Indigenous Knowledge Systems
The hbs Regional Office New Delhi has curated this mini-dossier on indigenous knowledge systems, which provides an insight into the past and current conversations and debates in the geographical context of Northeast India. The dossier weaves together a unique exploratory pattern from the base of indigenous knowledge systems. The essays come from an interdisciplinary and practitioner lens. The authors critically engage with aspects of co-production, usage, dissemination and perceptions of indigenous knowledge systems. They reflect on mythologies, alternative worldviews and the interplay of the myriad contexts that sits across a diverse and plural geographical minority region.
A crosscutting and comparative approach brings the complex layers of such debates and conversations, from different disciplinary backgrounds and a unique mix of academic and activist practitioner based social enquiry. This crosscutting effect plays out within Northeast India at one level, and then provides entry points to how alternative contexts, meanings, understandings and an overall dialogue can take place beyond the region.
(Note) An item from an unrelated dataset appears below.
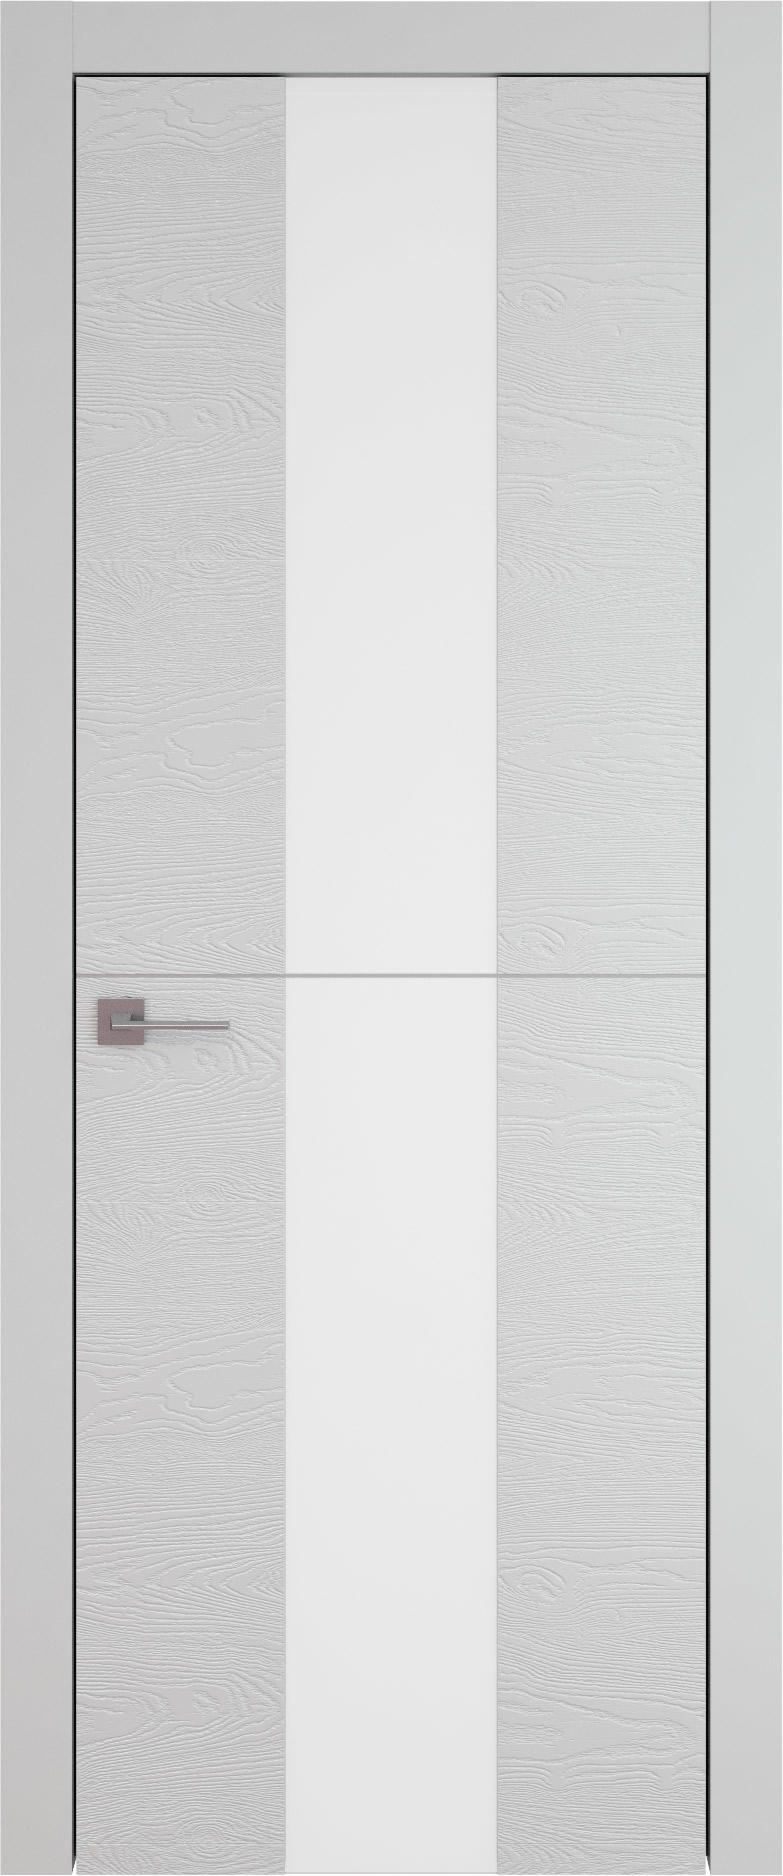 Tivoli Ж-3 цвет - Серая эмаль по шпону (RAL 7047) Со стеклом (ДО)

The interplay of democratic imaginations and spaces of governance among indigenous communities, contextualized in bio-directional and plural senses requires a sustained enquiry, which this dossier attempts to initiate through these essays. This dossier intends to keep building up on such enquiry.
These essays reflect on the pluralities of indigenous knowledge systems from an Indian context. It can inform modern governance systems at a global level, and the authors contend that indigenous knowledge systems are co-produced. They are not essentially competing with dominant modern cultures. The essays bring out the examples of traditional knowledge systems and particularly the resilience of indigenous food systems to climate change impacts, from case studies in Northeast India. The essays point out that academics and journalists often miss out critical aspects of contextualising indigenous knowledge systems. There must be a conversation on the ethics on writing on indigenous knowledge and their interpretations.